Honestly the hardest part of doing this seems to be settling on what we're going to call it. Ironically, it is difficult to search for and discover sites following this philosophy precisely because they are so decentralized and independent and nobody's even using any common terminology for it. I've heard variations of this called Web 1.0, Small Web, Indie Web, Nostalgia Web, Old Web, Retro Web, Analog Web, Free Web, Libre Web, and dozens more terms even more vague and difficult to remember off the top of my head. "Small Web" seems to have the most traction from what I can tell but discovery remains such a hard problem to solve, especially without falling into the same traps that led us here.

[–] WoodScientist@sh.itjust.works 7 points 17 hours ago (2 children)

To me, the hardest part seems to be - how do you keep your small web from being infected by AI slop? Currently the slop spammers aren't focusing on these small web rings and web 1.0 communities. But if they did start to become popular, the AI slop would inevitably follow.

Perhaps such sites need to run on a 100% no-advertising model. Individual hobby sites or those supported by subscriptions and donations only. That would cut out most of the vast, vast majority of the slop. AI slop currently can't produce content that people are actually willing to pay to subscribe to. If sloppers can't bring in revenue via ad impressions, they won't have any incentive to create slop AI 1.0 sites.

[–] cecilkorik@lemmy.ca 4 points 16 hours ago

Honestly escaping AI slop may be the hardest part of any situations (nevermind just the small web) soon if this anti-human distributed-denial-of-service attack on our awareness continues the way it's going. There will always be spammers with little to lose and more to gain, even if it's not financial gain they're after there can be benefits to simply increasing the level of noise in an environment, whether it's to hide something else they're doing or to weaken opposition to some goal.

[–] tarknassus@lemmy.world 3 points 17 hours ago

The bots and scrapers are most definitely going after anything and everything - I’ve got about 10+ bots trying to scrape my site every day according to my logs. Quite honestly it shocked me considering I do zero SEO and it’s mostly random shit on my site.

There’s stuff being developed - ai robots blocklists, ai tar pits, poisoning the images and other media.

It’s a pita to implement a lot of this however, just for a small personal site.

[–] Catoblepas@lemmy.blahaj.zone 3 points 17 hours ago

I imagine a solution could be the same one from Web 1.0: webrings. Find one site on one and you’ve found a lot more interesting, curated ones as well.
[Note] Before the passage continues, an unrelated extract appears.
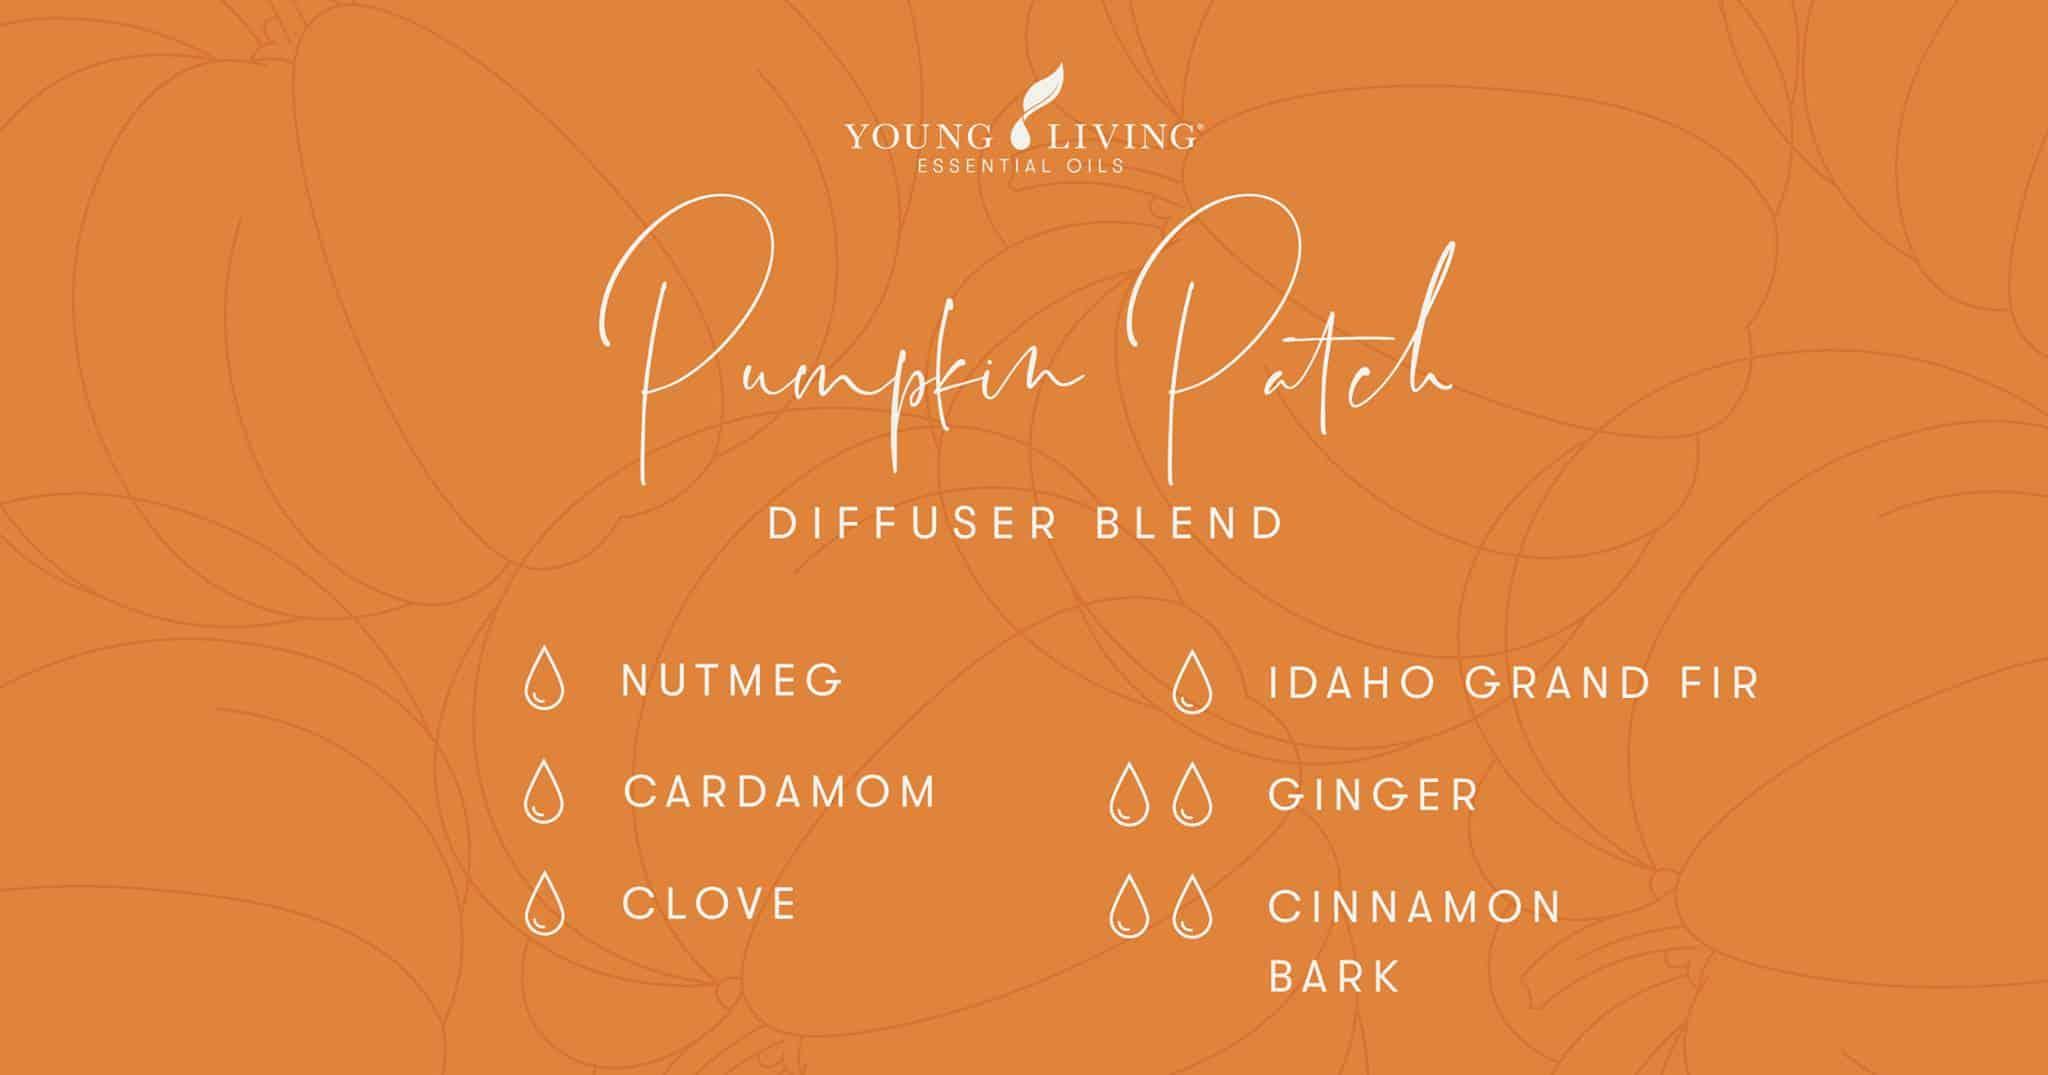 Pumpkin Patch essential oil diffuser blend recipe

[–] SendMePhotos@lemmy.world 1 points 16 hours ago

Genesis web

[–] sirico@feddit.uk 1 points 14 hours ago

It's called gopher and you don't used

[–] FinchHaven@sfba.social 2 points 17 hours ago (2 children)

@macstainless

[waves hand]

Call on me!! Call on me!!

Why not just make it 1998 and bring back Web Rings?

Problem solved

[–] macstainless@discuss.tchncs.de 7 points 17 hours ago

Web Rings were freaking awesome. I've recently discovered the Small Web tool from Kagi and it's basically a modern version of a web ring. It's pretty slick. www.kagi.com/smallweb if you're interested.